- Given $s\geq1$, $X$ is nonempty set and $d: X\times X \rightarrow [0,\infty)$ is $b_s$-pseudo metric on $X$ if for $x,y,z\in X$
i. $d(x,x)=0$
ii. $d(x,y)=d(y,x)$
iii. $d(x,y)\leq s[d(x,z)+d(z,y)]$
$F=\{d_n:n\in\mathbb{N}\}$ is a family of $b_s$-pseudo metric.
i. a sequence $\{x_n\}$ in $X$ is convergent-$F$ to $x\in X$ if for all positive $\varepsilon$ there exist $N_0\in\mathbb{N}$ such that $$d_k(x_n,x)<\varepsilon$$ for all $n\geq N_0$ and $d_k\in F$.
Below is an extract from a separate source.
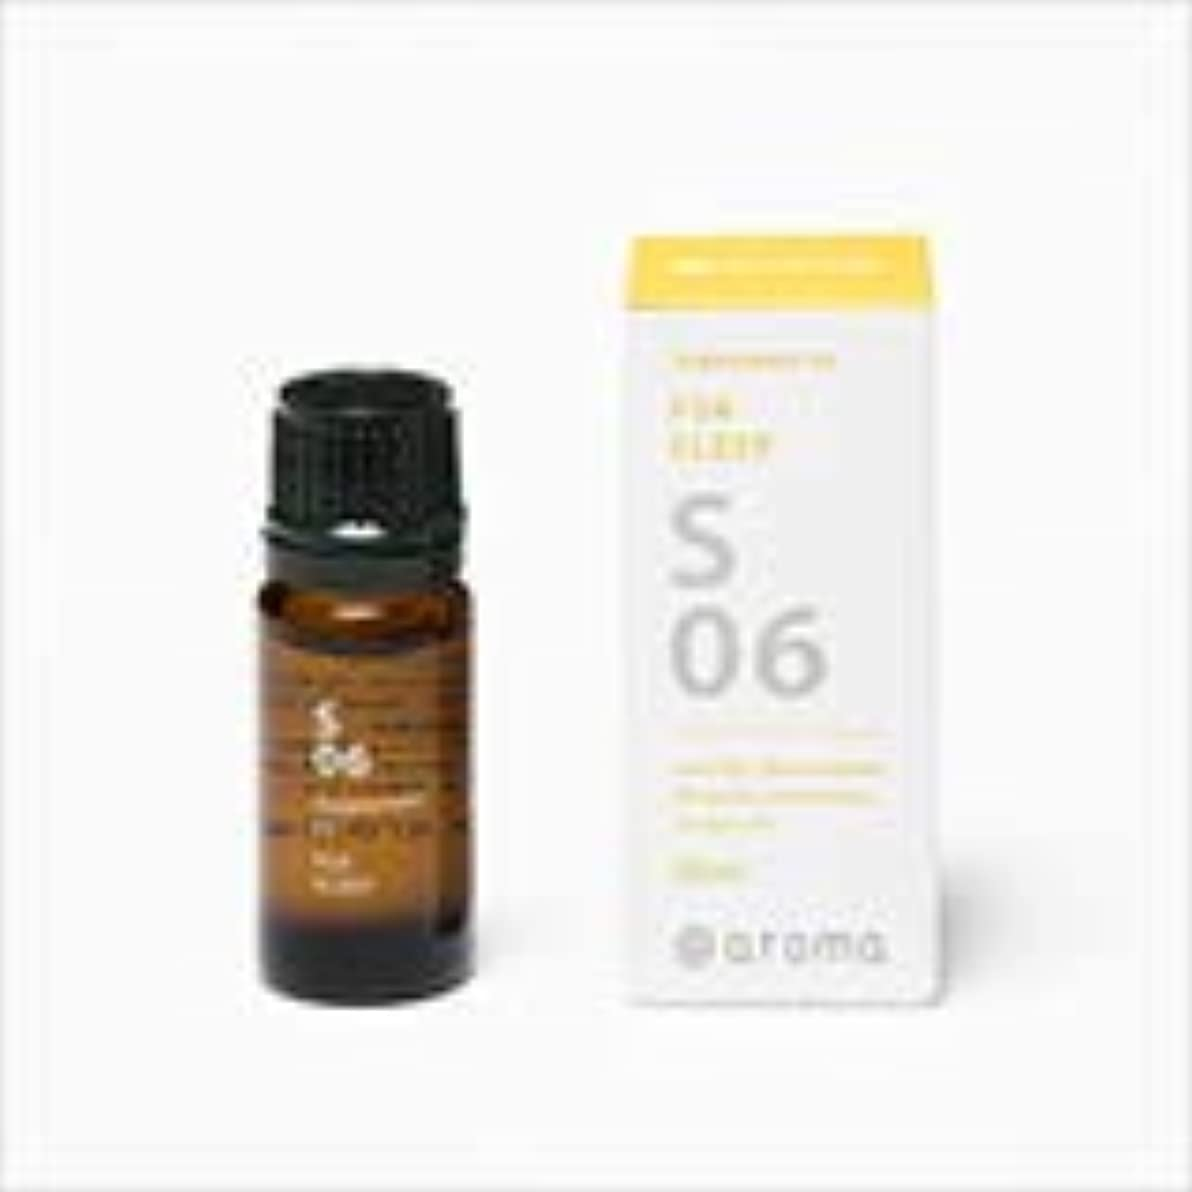 恐ろしいです親指掘るアットアロマ 100%pure essential oil <Supplement air スリープ>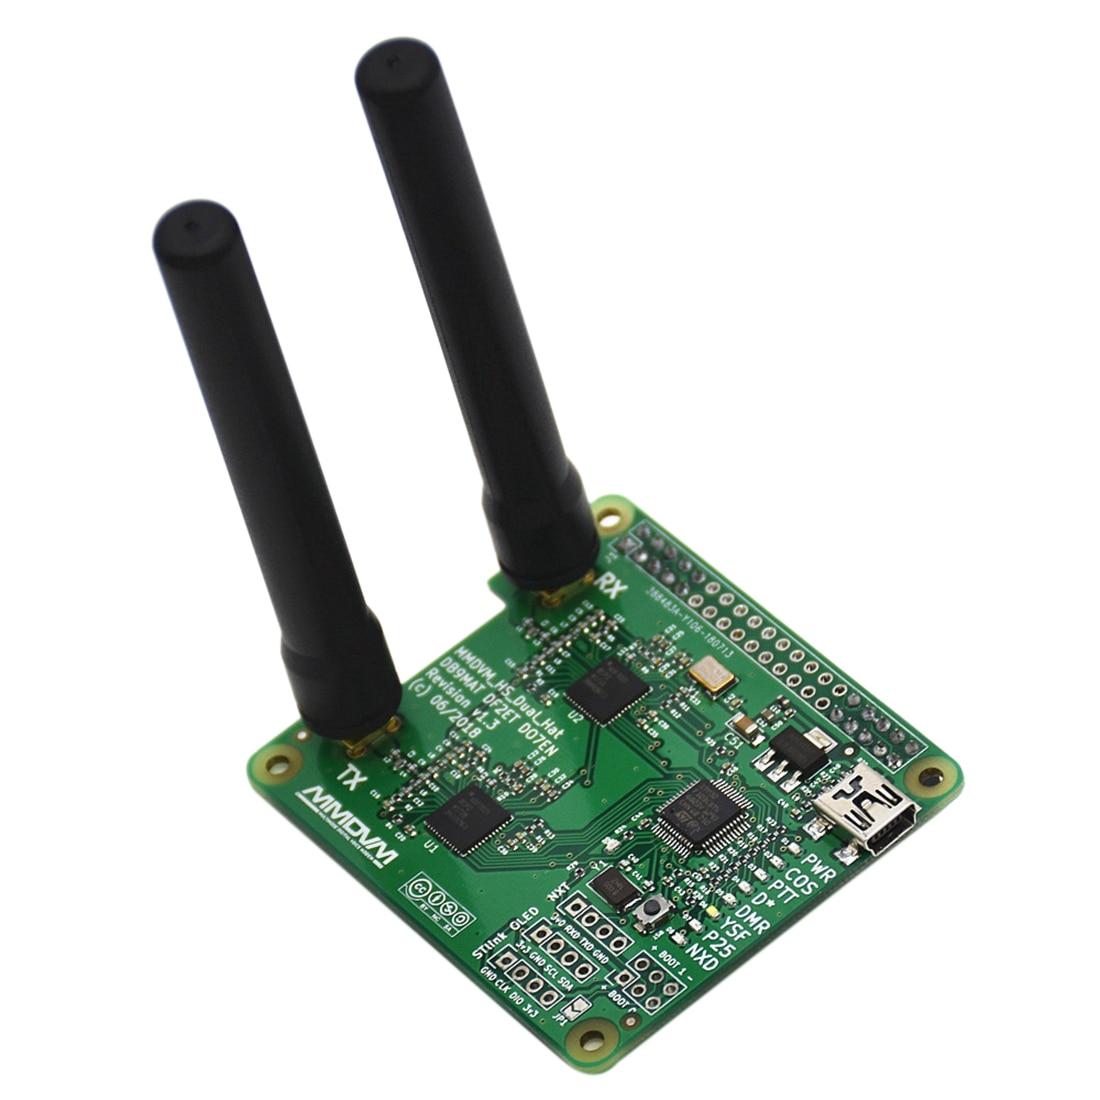 New MMDVM DUPLEX hotspot Support P25 DMR YSF NXDN DMR SLOT 1+ SLOT 2 for Raspberry piNew MMDVM DUPLEX hotspot Support P25 DMR YSF NXDN DMR SLOT 1+ SLOT 2 for Raspberry pi

ii. a sequence $\{x_n\}$ in $X$ is Cauchy-$F$ if for all positive $\varepsilon$ there exist $N_0\in\mathbb{N}$ such that $$d_k(x_n,x_m)<\varepsilon$$ for all $n,m\geq N_0$ and $d_k\in F$.
iii. $X$ is complete-$F$ if each of its Cauchy-$F$ sequence is convergent-$F$.
I have $X =C([0,\infty),\mathbb{R})$ i.e. a set of all continuous function from $[0,\infty)$ to $\mathbb{R}$ and I also have $F=\{d_k:k\in\mathbb{N}\}$ where $$d_k(x,y)=\max_{t\in[0,k]}(x(t)-y(t))^2$$ for all $x,y\in X$
How can I show that $X$ is complete-$F$? I can't find $N_0$ such that its Cauchy-$F$ sequence is convergent-$F$.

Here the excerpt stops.